The rails community (and by extension ruby) is generally more product focused,
whereas the python community (and by extension django) are more science
focused.

I intentionally ordered the language and the framework differently for each
because most people who use ruby/rails, got into that community for the sake
of the framework, whereas most of the people who use python/django, got into
that community for the sake of the language.

Finally, python has a much greater adoption among in the academic world, so
it's natural to expect that its community will have built more academic
libraries like those you mentioned.

Node.js and Javascript are seeing adoption among those interested in real-time
applications, evented systems and applications that bridge the chasm between
the client and the server, so it is natural to expect that more libraries
focused on problems within those domains.

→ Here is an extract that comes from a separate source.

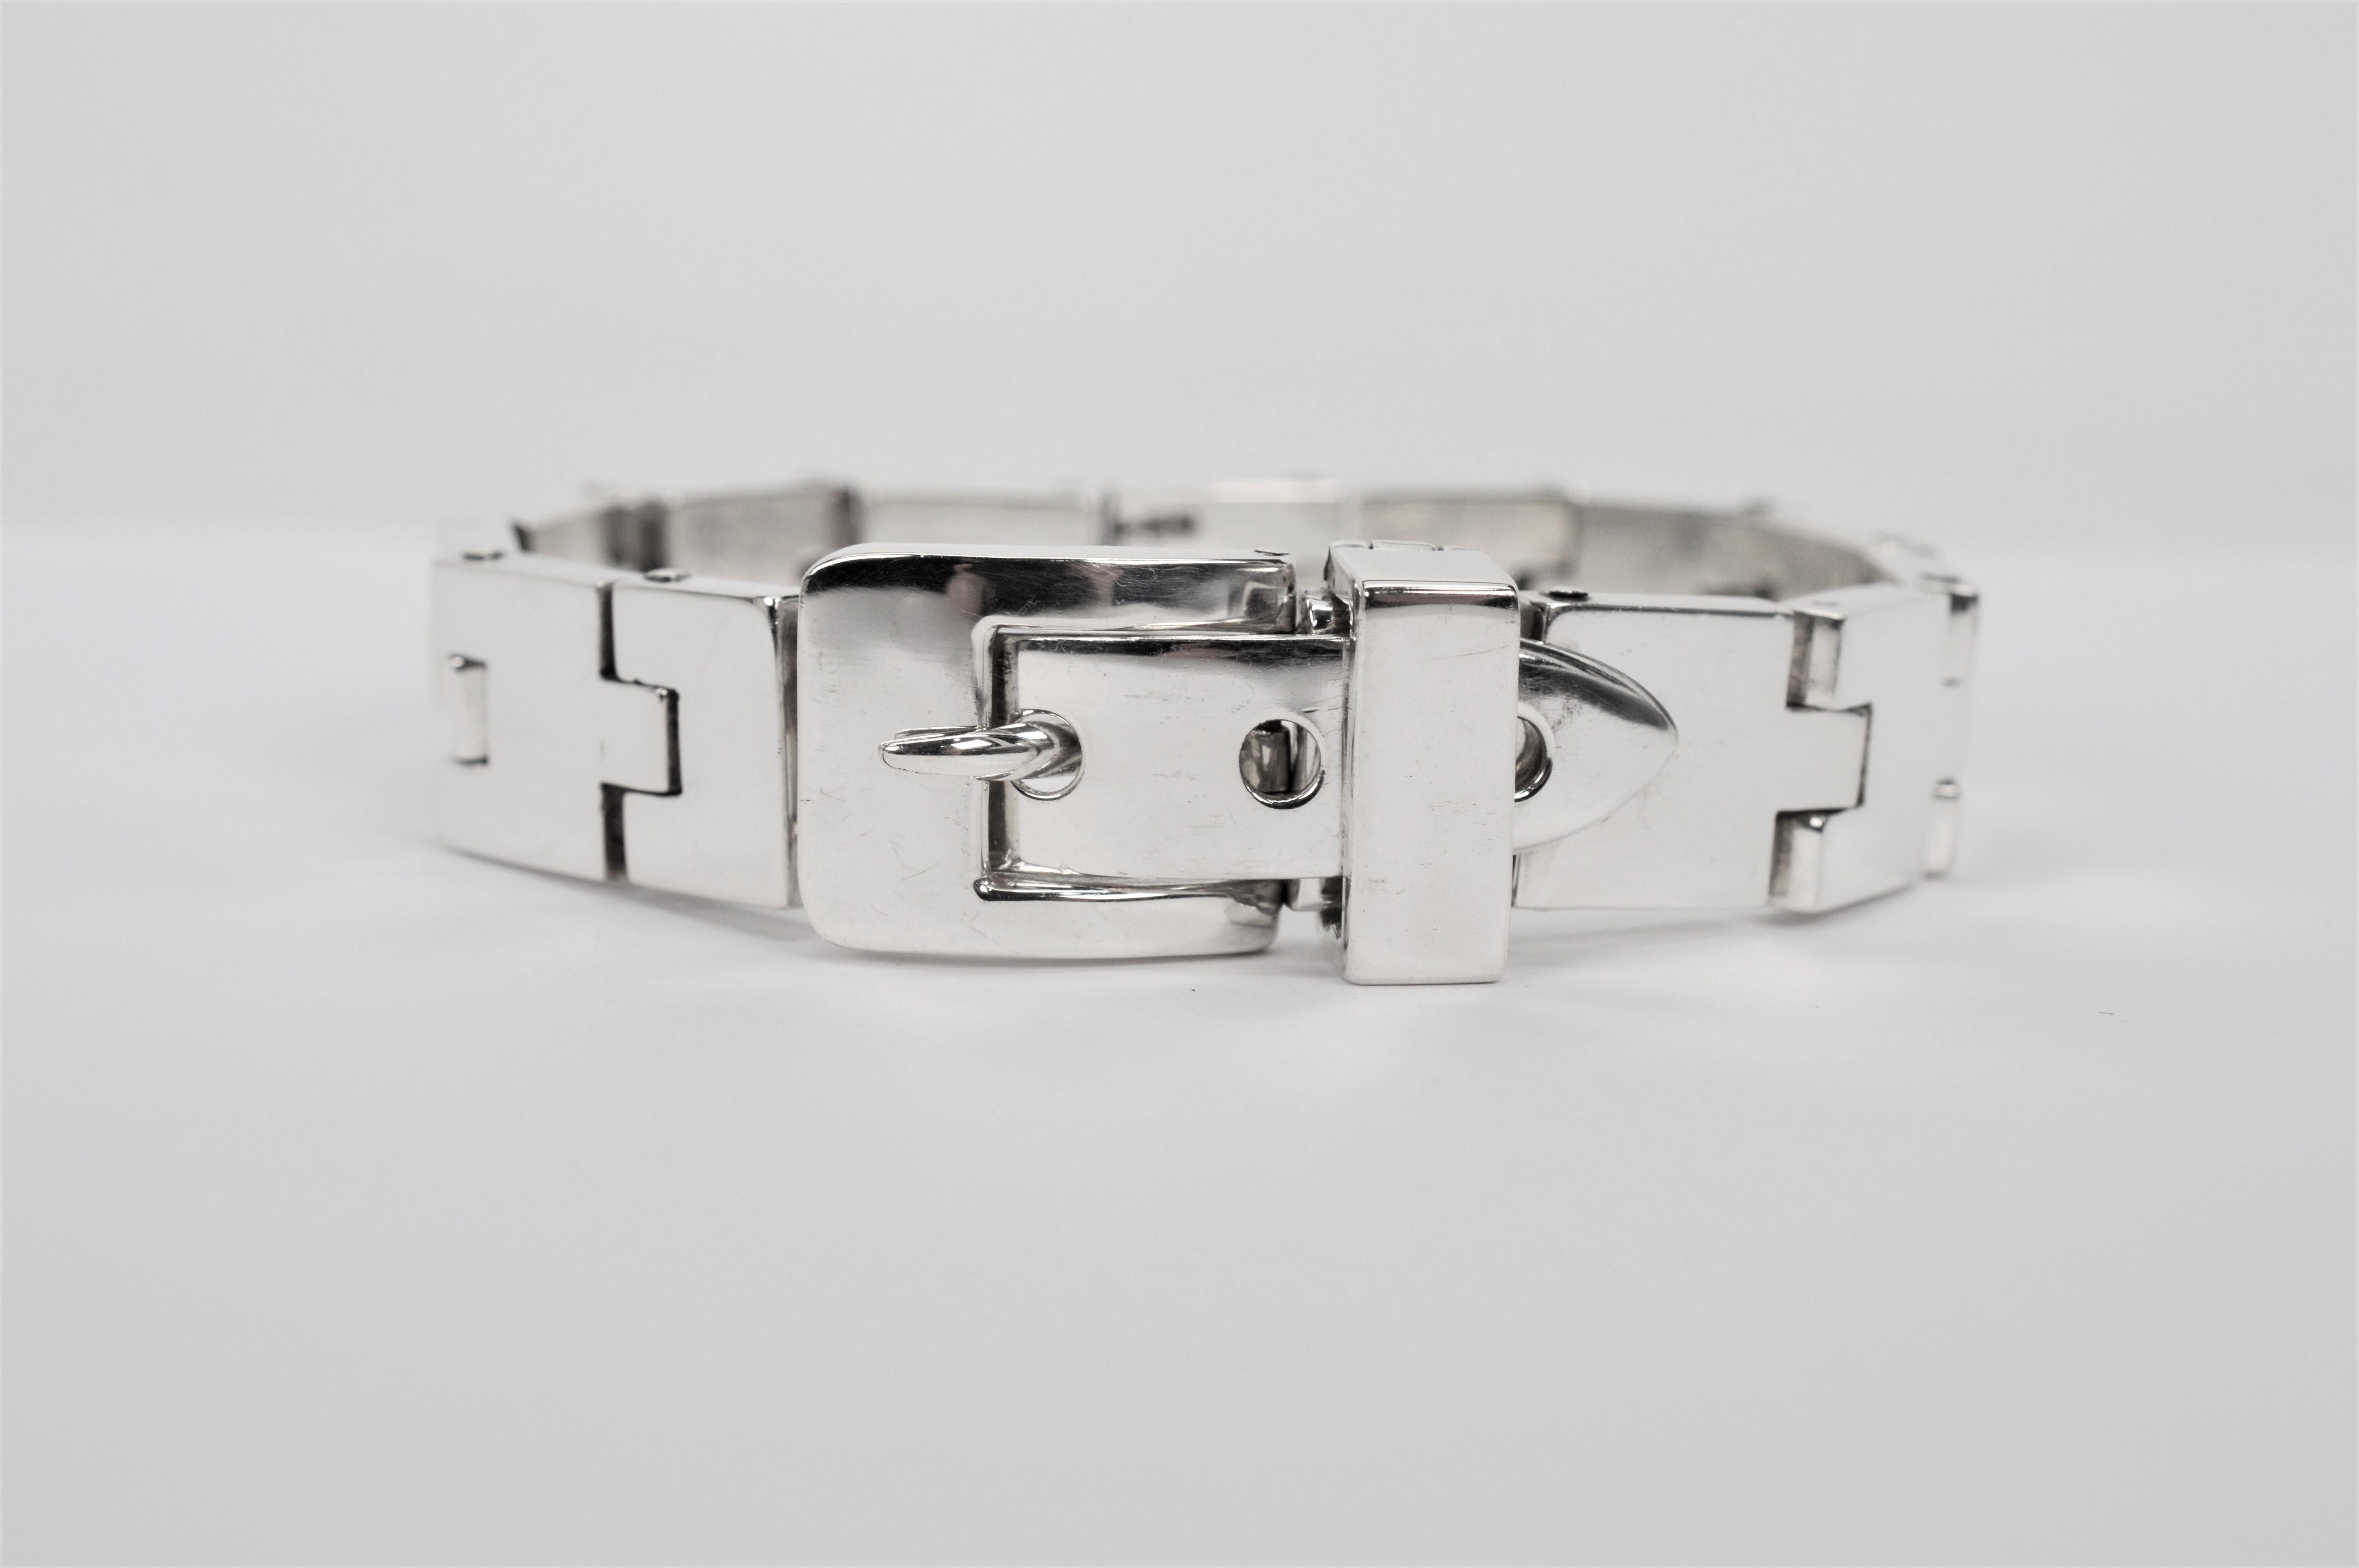 Substantial in heft, multiple hinged sterling silver links, 3.5mm thick, create this interesting 7-1/2 inch bold bracelet and lead to the large polished silver buckle clasp feature. Crafted in sterling, the

One thing I like that I've seen from the node.js community is that the fact
that they are developing with the same language on both the client and server,
that they consider them one in the same. The only thing separating the two is
latency and connection reliability. The latency issue is psychologically not
much different than having a bias for doing things in memory and avoiding disk
IO server-side. The lack of connection robustness is likely to evolve into
solutions that mirror the problems that the erlang/OTP community has spent a
lot of time solving.

The ecosystem around languages are heavily influenced by the strengths and
weaknesses of the communities that adopt them, and the community that adopts
them is largely the result of which problems that language is well suited for
either by language design or historical coincidence (e.g. Javascript is in the
browser)

------
andrewcooke
so what makes javascript callbacks easier to understand than twisted's
deferreds? aren't they basically the same thing?

and how does "we picked Node.js" logically follow from "It is obvious that the
JVM platform is one of the best ways to build large distributed systems right
now"?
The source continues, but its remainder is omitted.